Clotilde seemed to know something about it, but said nothing. Although the three canasteras had only to look at each other to know the plots the others were hatching, in order to guess the gossip they were preparing—in this case, no. In this case, there had been suspicious silence. They never spoke of the assassin known as “the silk handkerchief killer,” for his signature was to leave a silk handkerchief covering the mouth, inside the mouth—or even deeper inside, in the victim’s throat. Nothing about this was ever spoken.

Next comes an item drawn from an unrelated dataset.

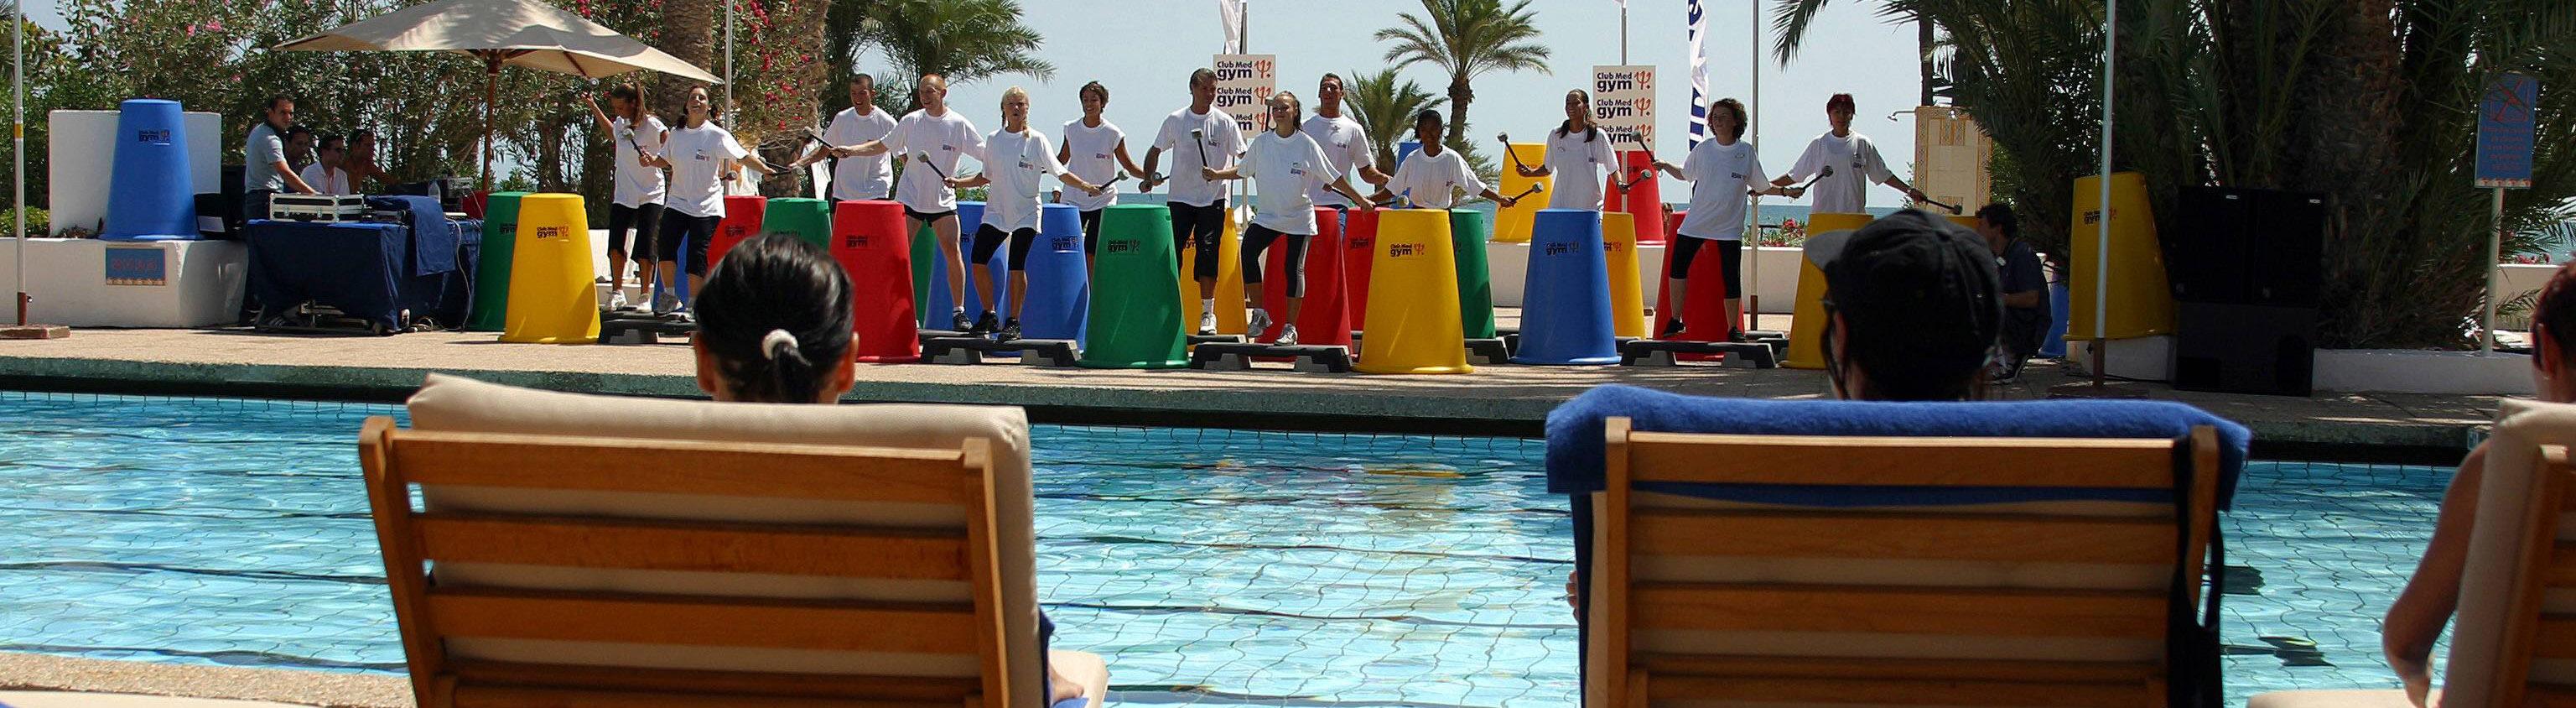 Fitnessprogamm mit Trommeln am Pool des Club Mediterranee -Djerba La Douce-

But that afternoon, Clotilde broke the silence and whispered:

            There’ll be a cadaver,

Abracadabra,

Open cadaver,

Abracadabra,

Open cadaver,

There’ll be a cadaver,

Silken victim,

Silken hands.

Abracadabra

There’ll be a cadaver.

The other two canasteras looked at each other in surprise, but went along and immediately tried to forget those fateful words. Instead, they focused their attention on other scandals, on other mysteries. What about those Americans, those Mr. Smiths and Mr. Joneses that came to do little things they wanted to hide? Well, that wasn’t so important. It was already well known why they came to Cuba. And what news of the parties or immoral bacchanals that happened one after another, while gunfire and bombs broke out all over the city? They already had much to weave. Everything would be revealed in its propitious and terrible moment. Their tongues would be scissors. And Clotilde would cut the string. Meanwhile, they’d dance to the mambo rhythm of gossip.